* Given material:
Content starts

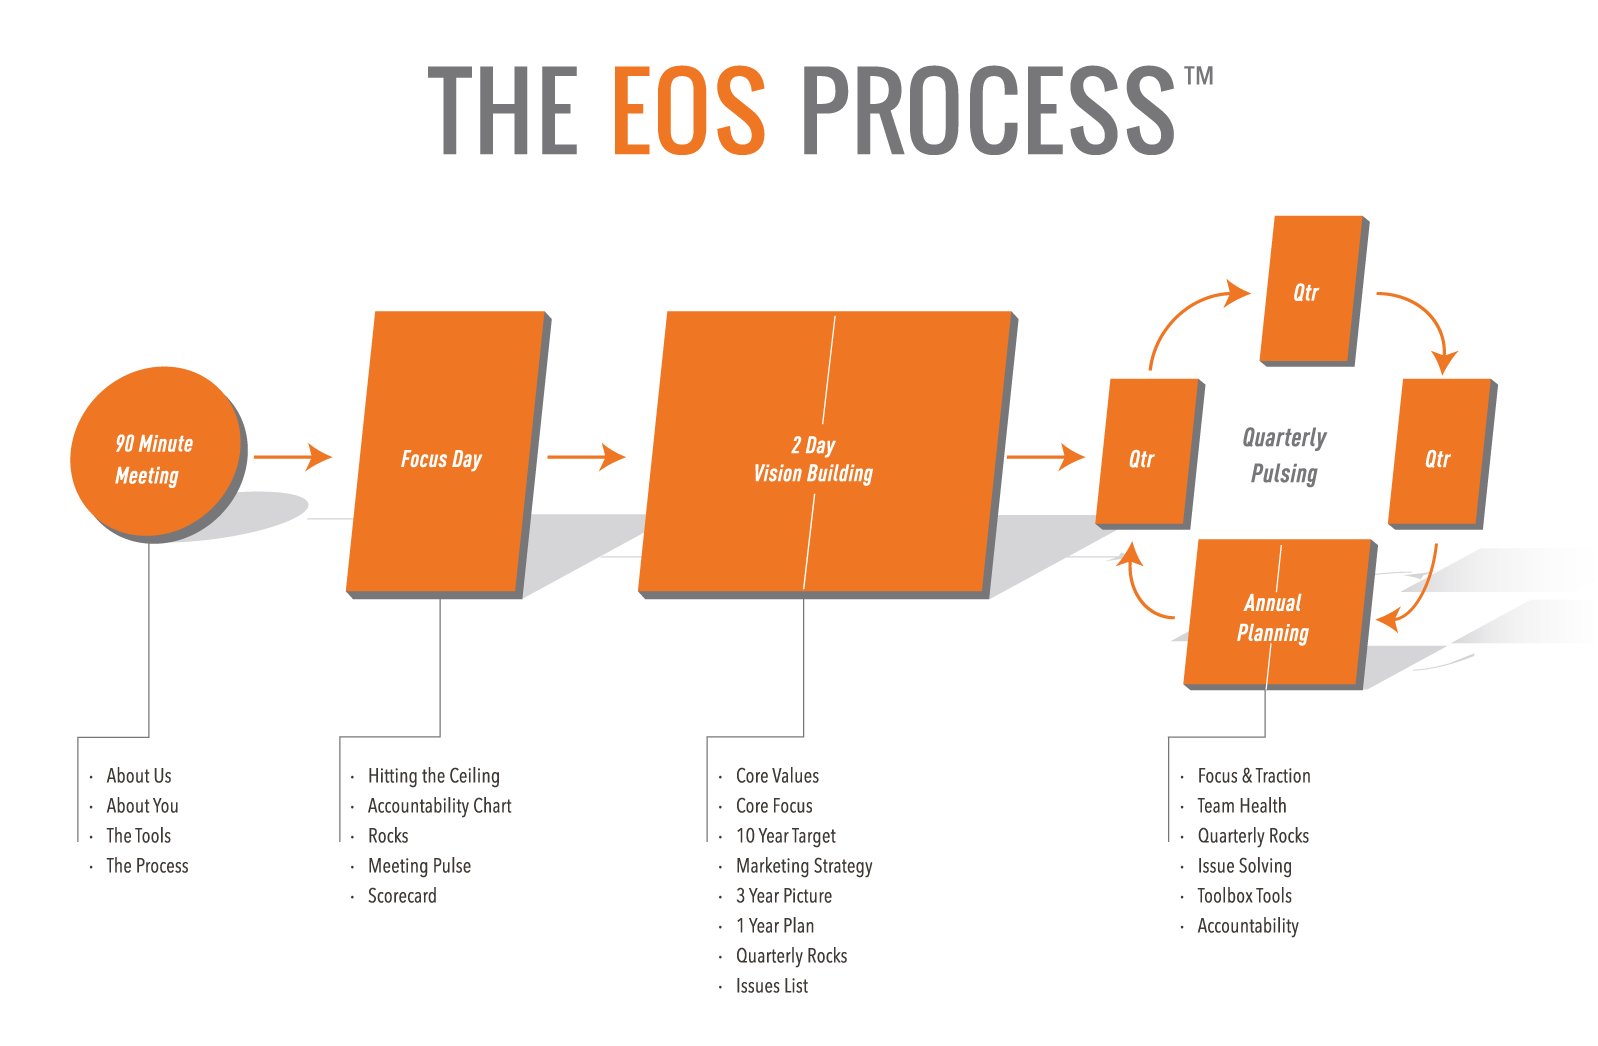 The EOS Process
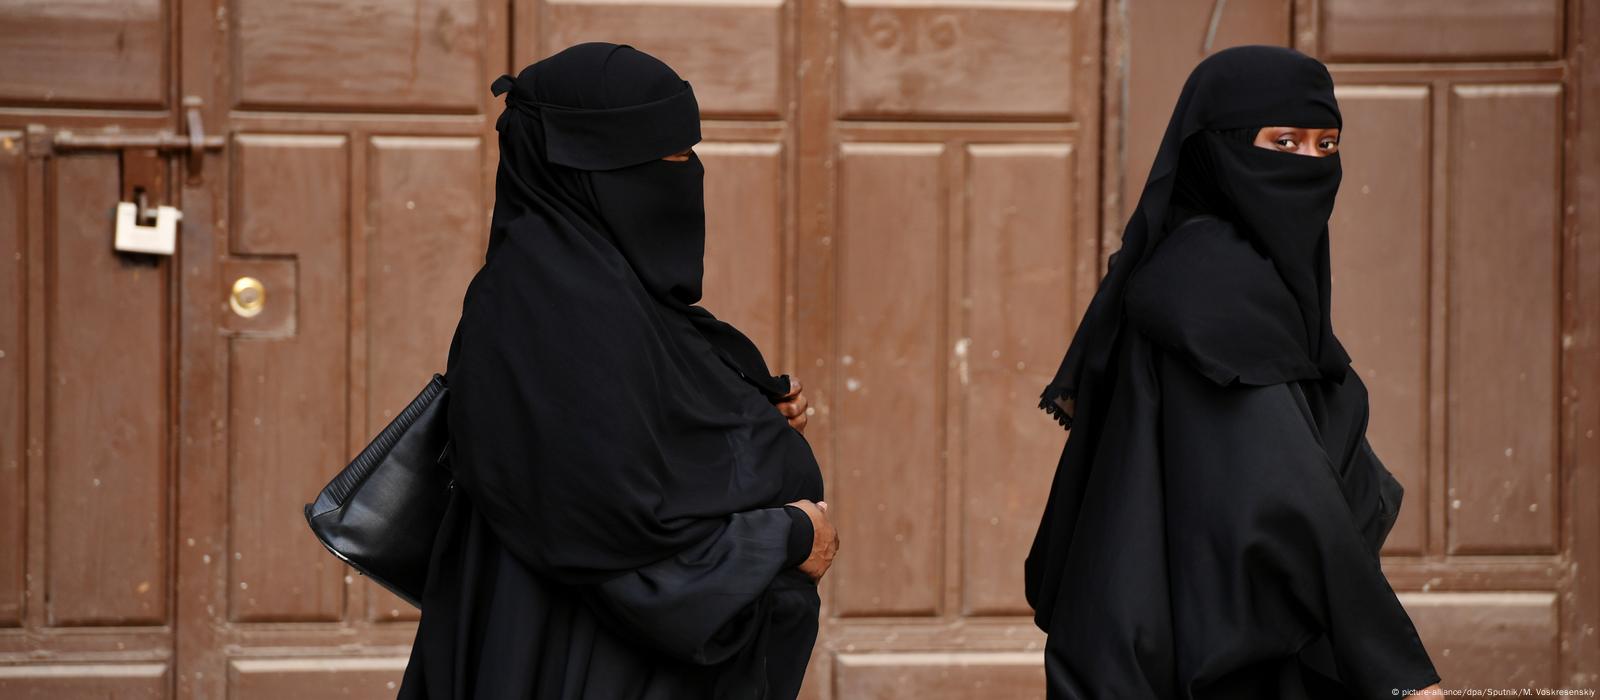 Saudi prince Women should decide what to wear – DW
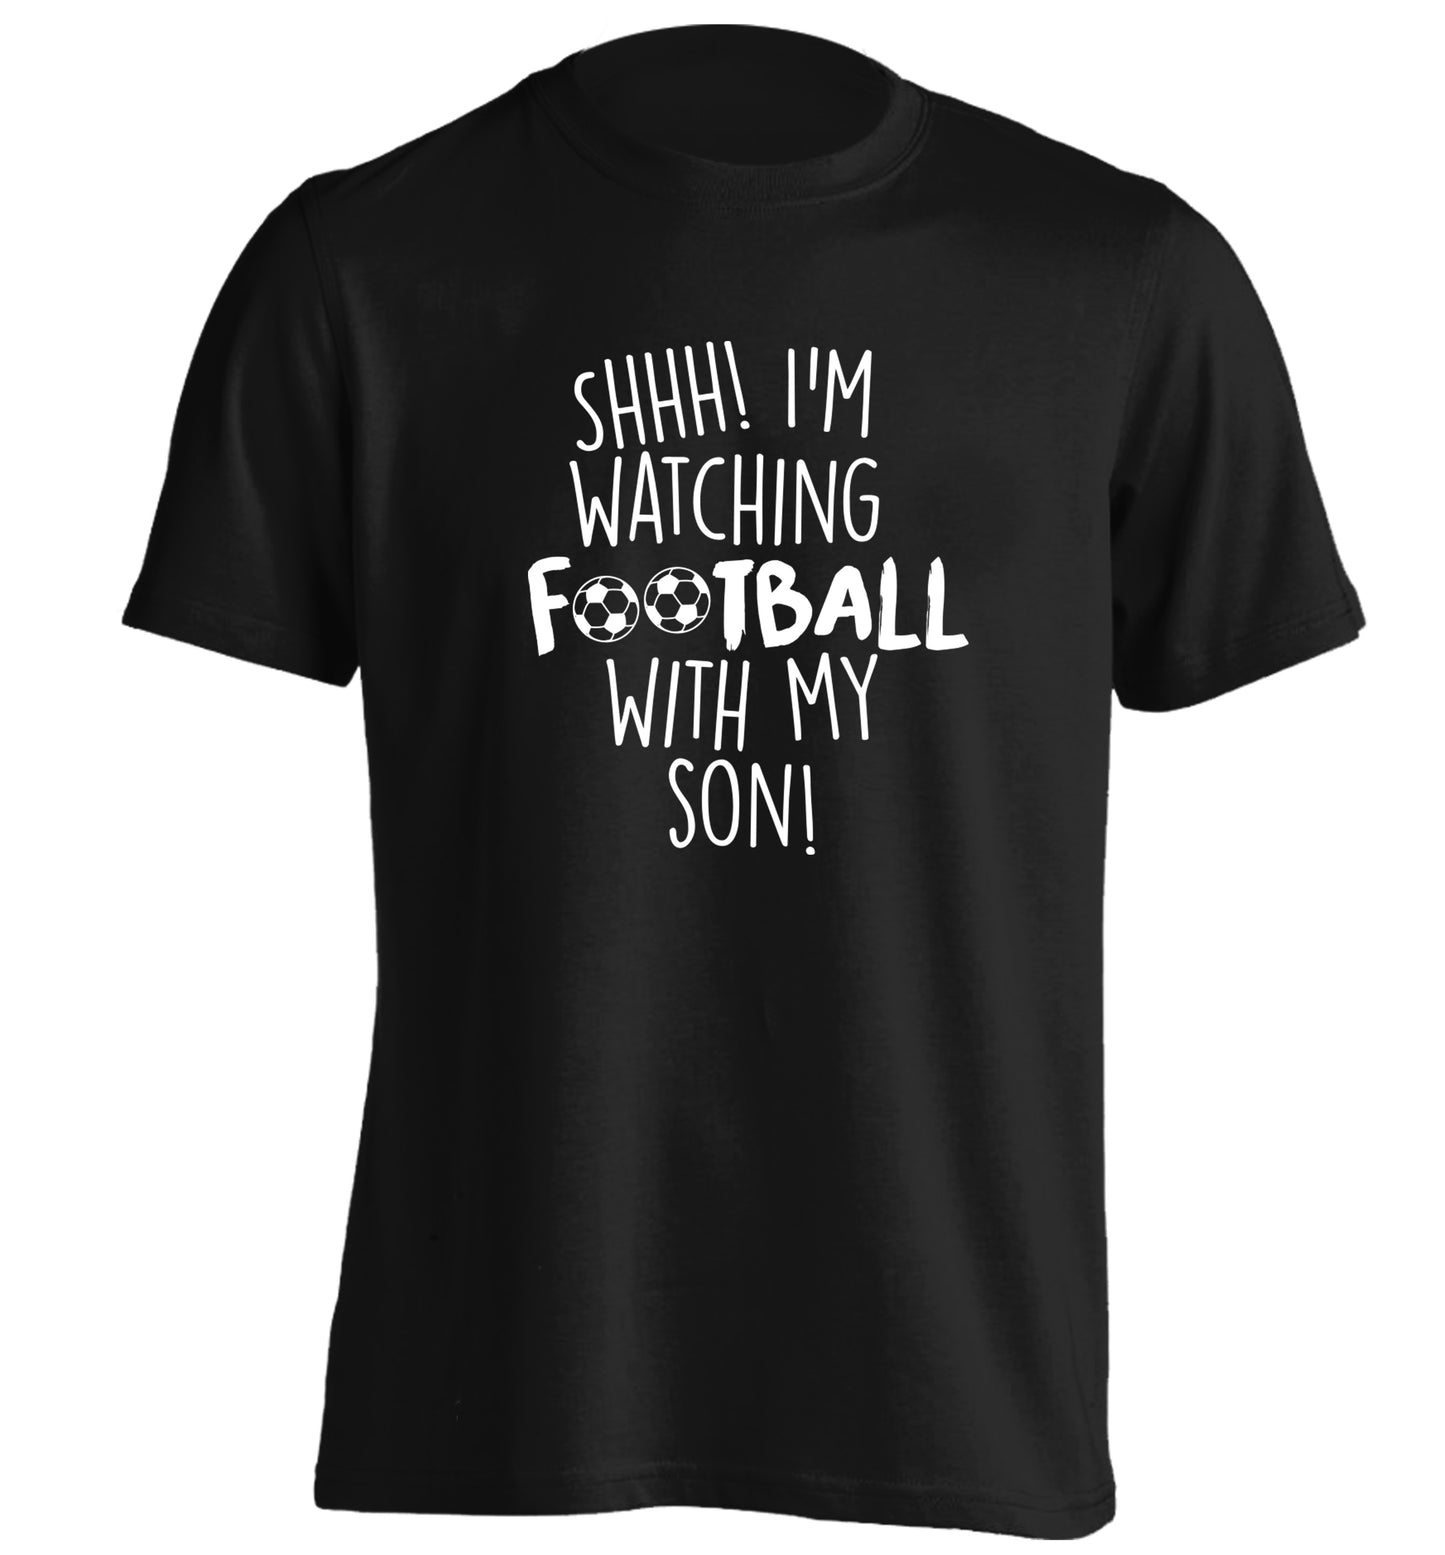 Shhh I'm watching football with my son adults unisexblack Tshirt 2XL

Content ends

* Description of the task: Transcribe the material above word for word; images do not belong in the copy.

* Answer to this exercise:
 The EOS Process
 Saudi prince Women should decide what to wear – DW
 Shhh I'm watching football with my son adults unisexblack Tshirt 2XL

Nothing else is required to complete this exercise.